For a moment Tom paused and thought. It never occurred to him that momentous consequences might hang upon his thinking. He was simply curious and rather puzzled.

He picked up the can lifter and stood looking at it. Then with a sudden thought he went back to the chimney, struck a match and, thrusting his head into the sooty hole, looked up. Four or five feet above, well out of arm’s reach, something thin ran across from one side to the other of the spacious chimney. The can lifter was too long to be gotten wholly into the chimney, but Tom poked the end of it through the hole and upward until its angle brought it against the chimney wall.

It was right there that the crosspiece was wedged. In other words, it had been pushed as high, a little on this side, a little on that, as this handy implement would reach, and perhaps kept from falling in the process by the gripping tongs.

Not another inch could Tom reach with this stick. By hammering upward against the end of it, however, he was able to jam it up a trifle, thanks to its capacity for bending. Thus he dislodged the crosspiece and as it tumbled down he saw that it was the strip of molding from the cabinet.

But along with it there fell something else which interested him far more. This was a packet which had evidently been held against the side of the chimney by the stick. There were six bulging envelopes held together by a rubber band. The dampness of the chimney had not affected the live rubber and it still bore its powdery white freshness.

“I wonder if they looked there,” Tom thought. “Maybe they just reached around—kind of. I should think they’d have noticed those shiny nails, though.”

He put the packet safely in his pocket and, hauling the cabinet up on his back staggered up the stairs with it.

“What in the world took you so long?” said Mary Temple. “Oh, look at your face!”

“I can’t look at it,” said matter-of-fact Tom.

“It’s too funny! You’ve got soot all over it. Come over here and I’ll wash it off.”

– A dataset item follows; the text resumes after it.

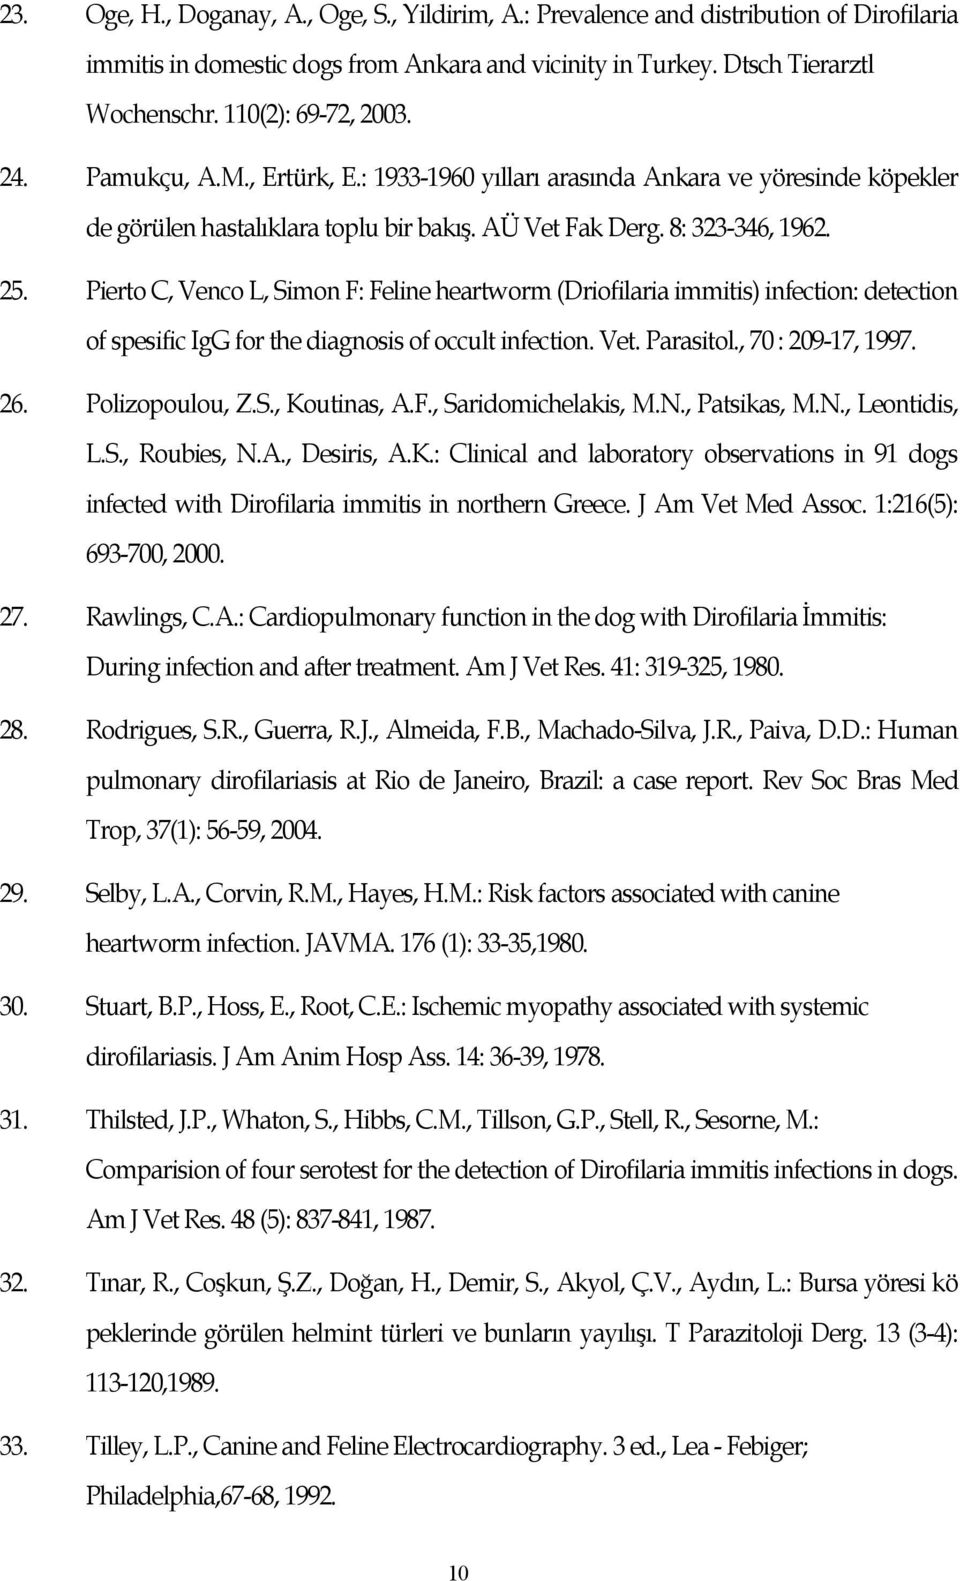 Pierto C, Venco L, Simon F: Feline heartworm (Driofilaria immitis) infection: detection of spesific IgG for the diagnosis of occult infection. Vet. Parasitol., 70 : 209-17, 1997. 26. Polizopoulou, Z.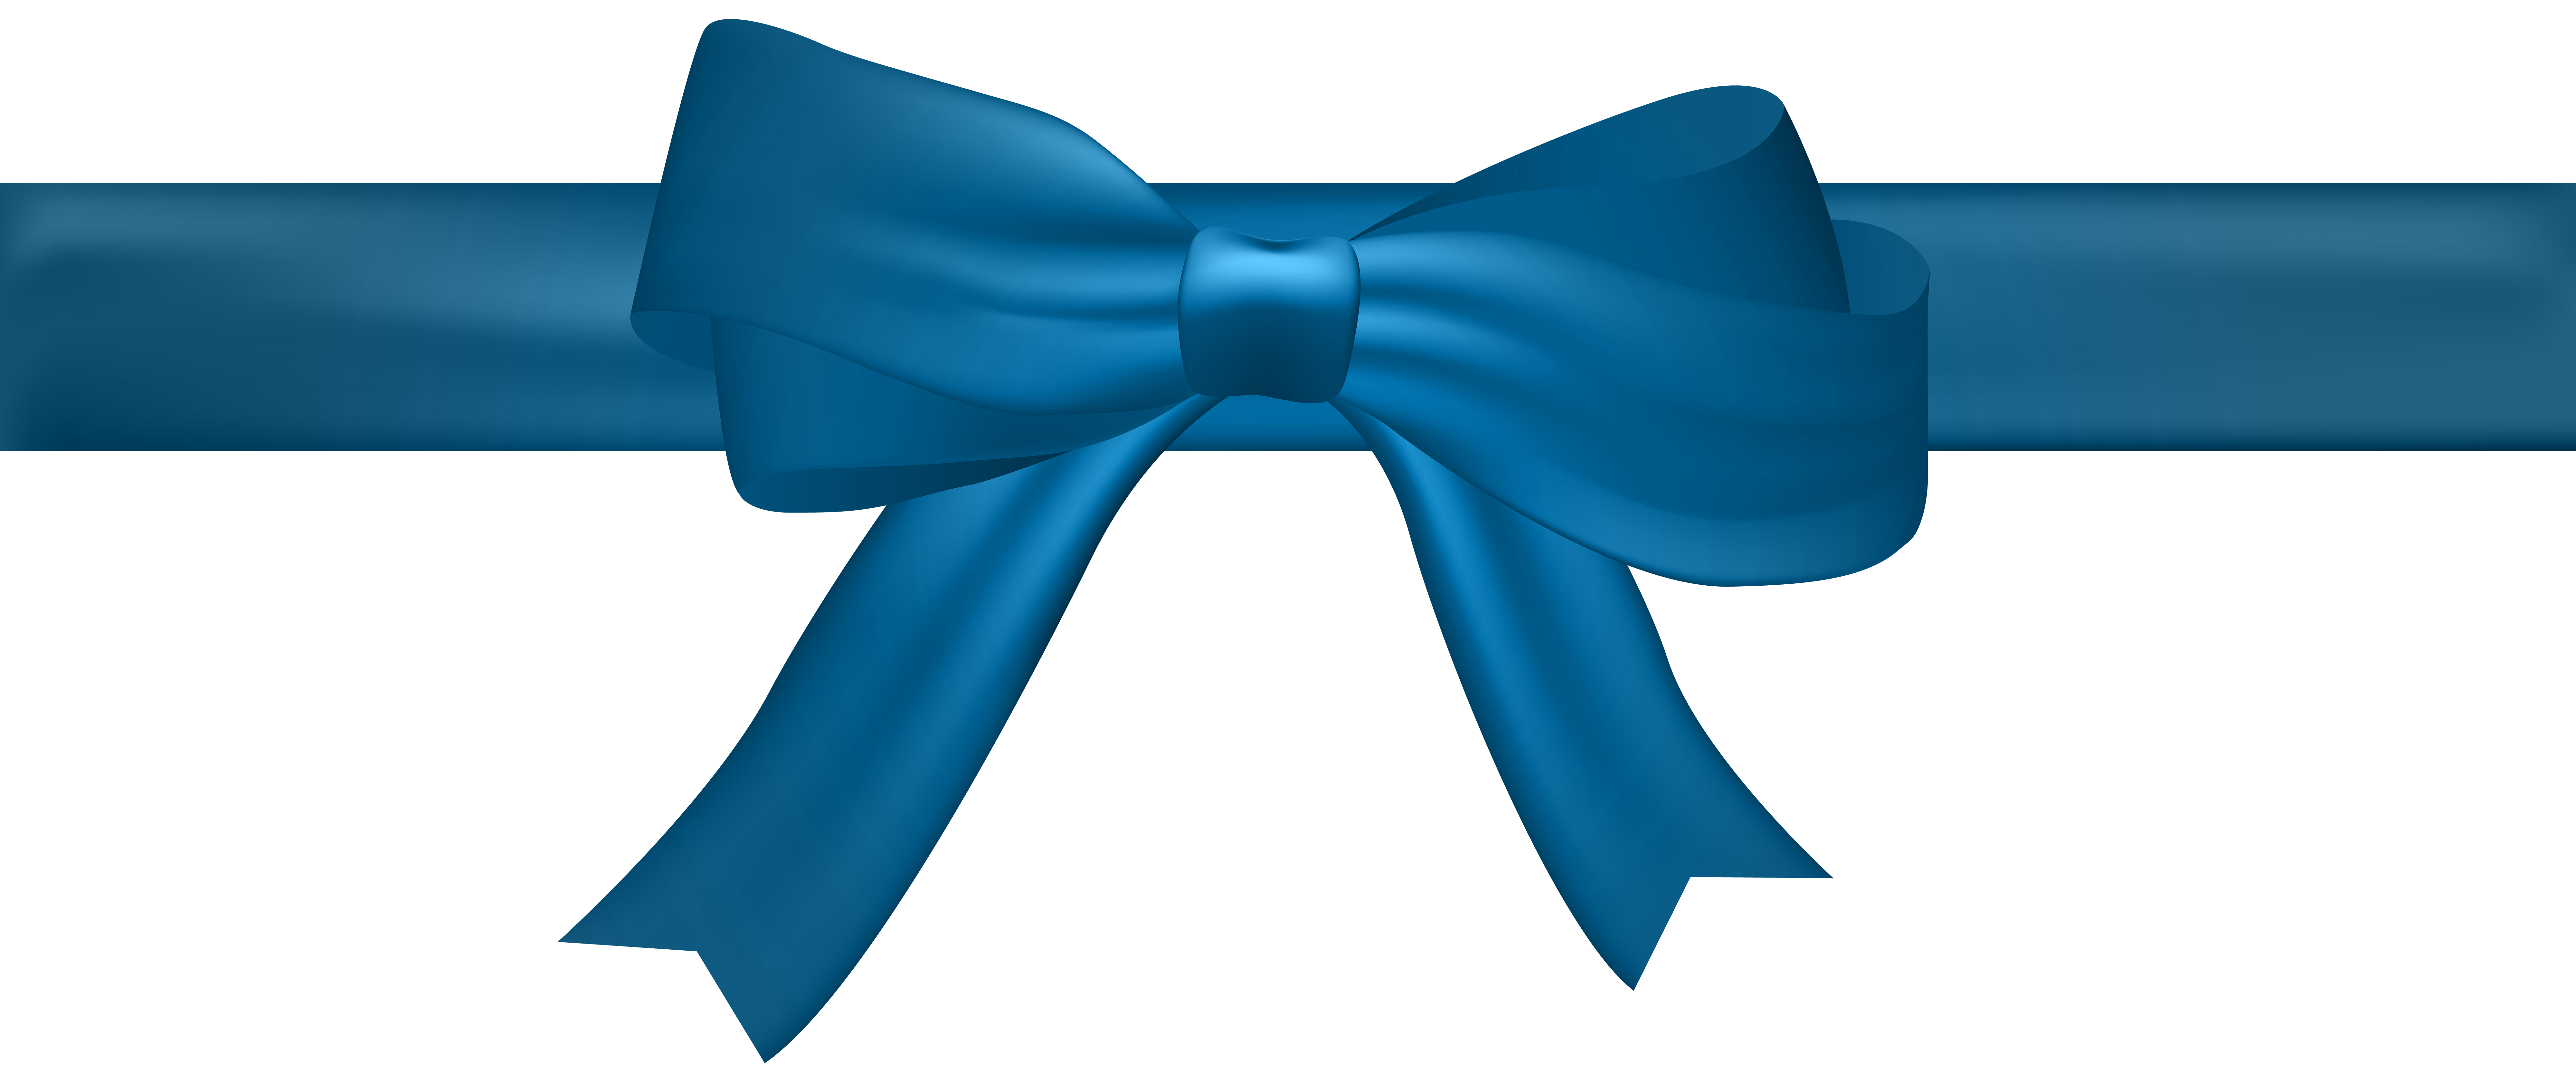 Blue Ribbon Clip art - ribbon png download - 8000*3337 - Free ...

It was a curious thing about Tom Slade and a matter of much amusement to his friends, that however brave or noble or heroic his acts might be, he was pretty sure to get his necktie halfway around his neck and a dirty face into the bargain.



CHAPTER III

HE SCENTS DANGER AND RECEIVES A LETTER

Tom was greatly excited by his discovery. As he hurried to the office he opened the envelopes and what he found was not of a nature to modify his excitement. Here was German propaganda work with a vengeance. He felt that he had plunged into the very heart of the Teuton spy system. Evidently the recipient of these documents had considered them too precious to destroy and too dangerous to carry.

“He might still think of a way to get them, maybe,” thought Tom.

There was a paper containing a list of all the American cantonments and opposite each camp several names of individuals. Tom thought these might be spies in Uncle Sam’s uniform. There was some correspondence about smuggling dental rubber out of the United States to make gas masks in Germany. There were requests for money. There was one letter giving information, in considerable detail, about aeroplane manufacture.

Another letter in the same handwriting interested Tom particularly, because of his interest in gas engines—the result of his many tussles with the obstreperous motor of the troop’s cabin launch, Good Turn.